WALB-TV in Albany, Ga., reported Monday the federal department sent a letter to Georgia Attorney General Thurbert Baker, saying the program puts an undue burden on blacks, Hispanics and Asians to prove their citizenship when trying to vote.
Attorney Maurice King Jr. agreed with the ruling, telling WALB-TV the checks aren't necessary because it's already against the law to lie when registering to vote.
Elections Supervisor Ginger Nickerson said the Justice Department finding hurts the state's ability to verify whether voters are citizens, The Atlanta Journal-Constitution reported Monday.
"Now you just go on the voter's word, they complete on the application, you don't have a means to check and balance to make sure the information is accurate ...," she said.
Georgia Secretary of State Karen Handel told the newspaper the ruling means the state could be inundated with non-qualified voters.

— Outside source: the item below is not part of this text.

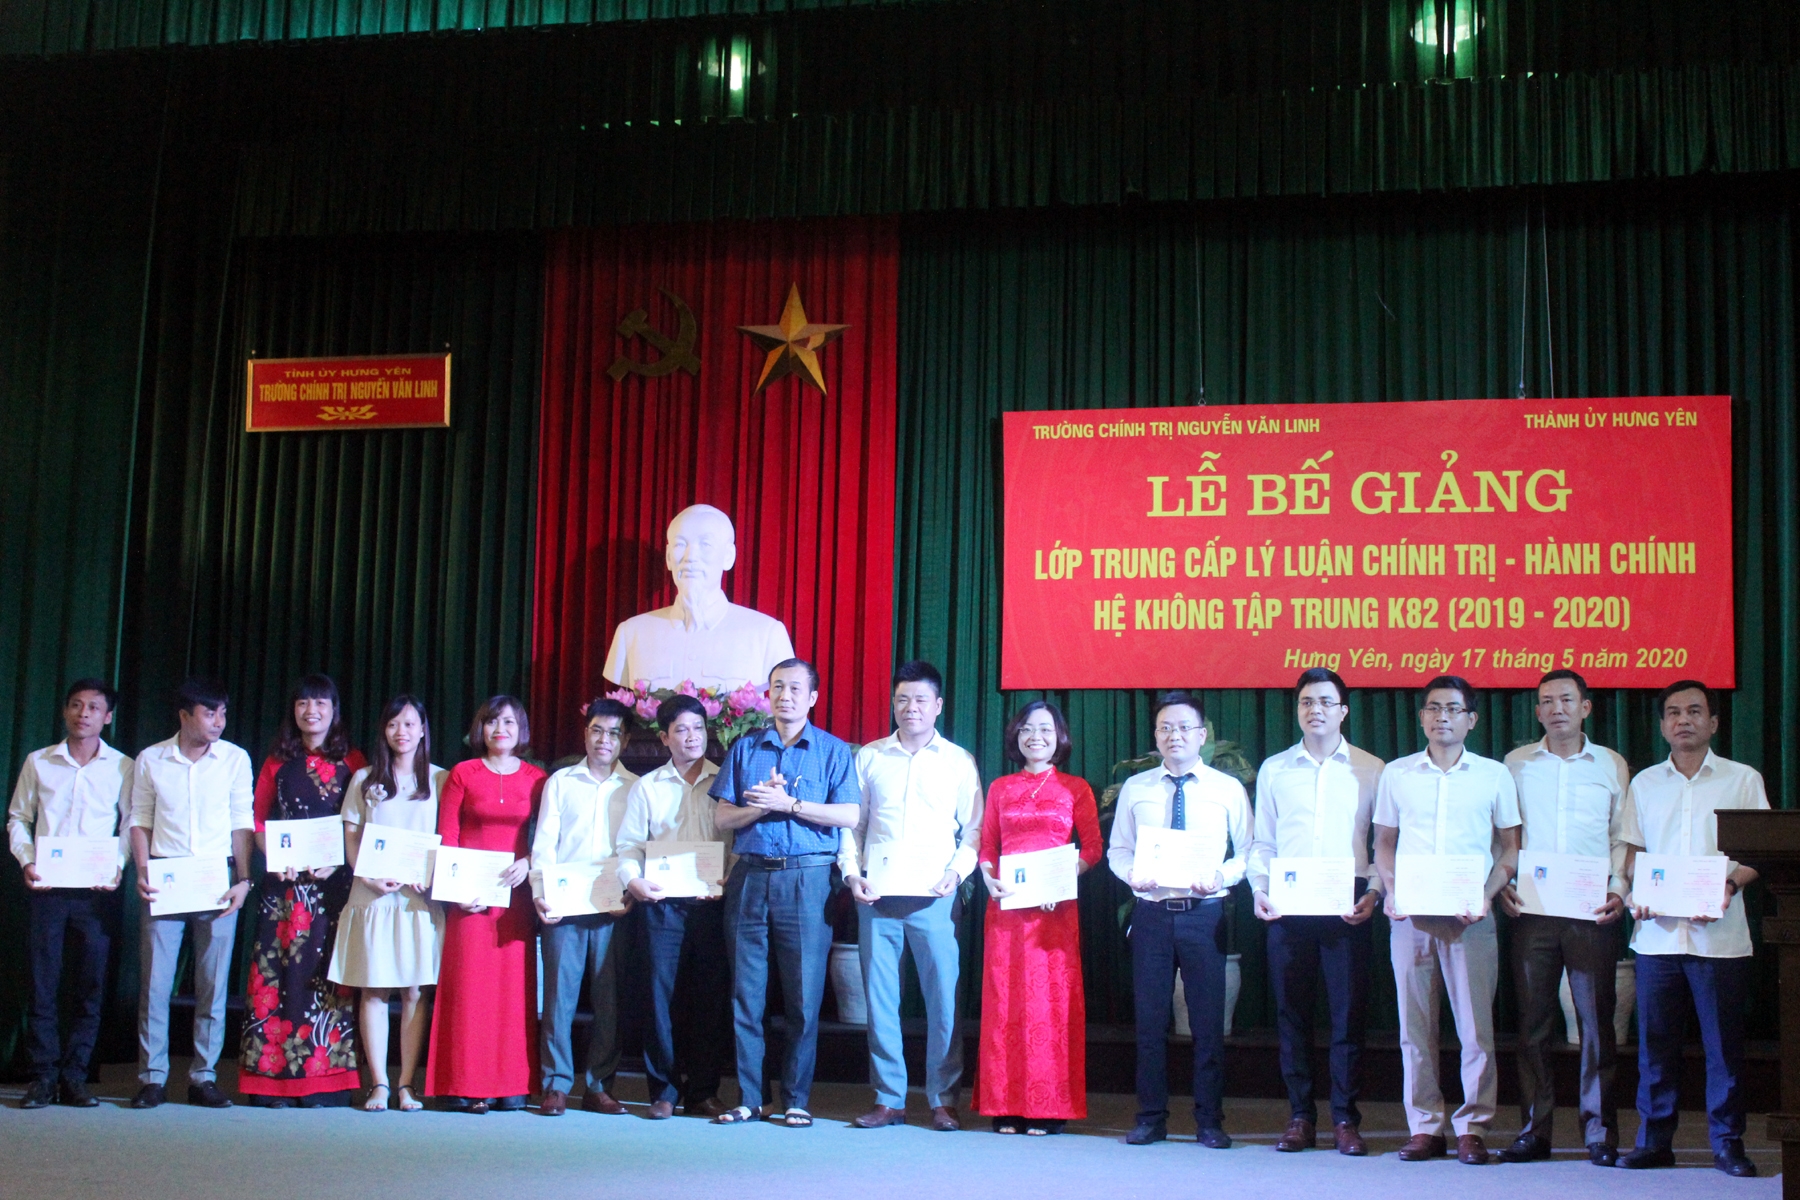 Một số kinh nghiệm giúp nâng cao chất lượng hướng dẫn học viên các lớp trung cấp LLCT - HC đi nghiên cứu thực tế tại trường Chính trị Nguyễn Văn Linh hiện  nay

U.S. Rep. Lynn Westmoreland, R-Ga., called the ruling "so transparently political that I'd hate to be the person at the department who had to put the right spin on this junk."
But Jon Greenbaum of Lawyers' Committee for Civil Rights Under Law didn't see it that way.
"Preventing these procedures from going into effect will prevent Secretary Handel from keeping many thousands of eligible Georgia voters off the rolls," Greenbaum said.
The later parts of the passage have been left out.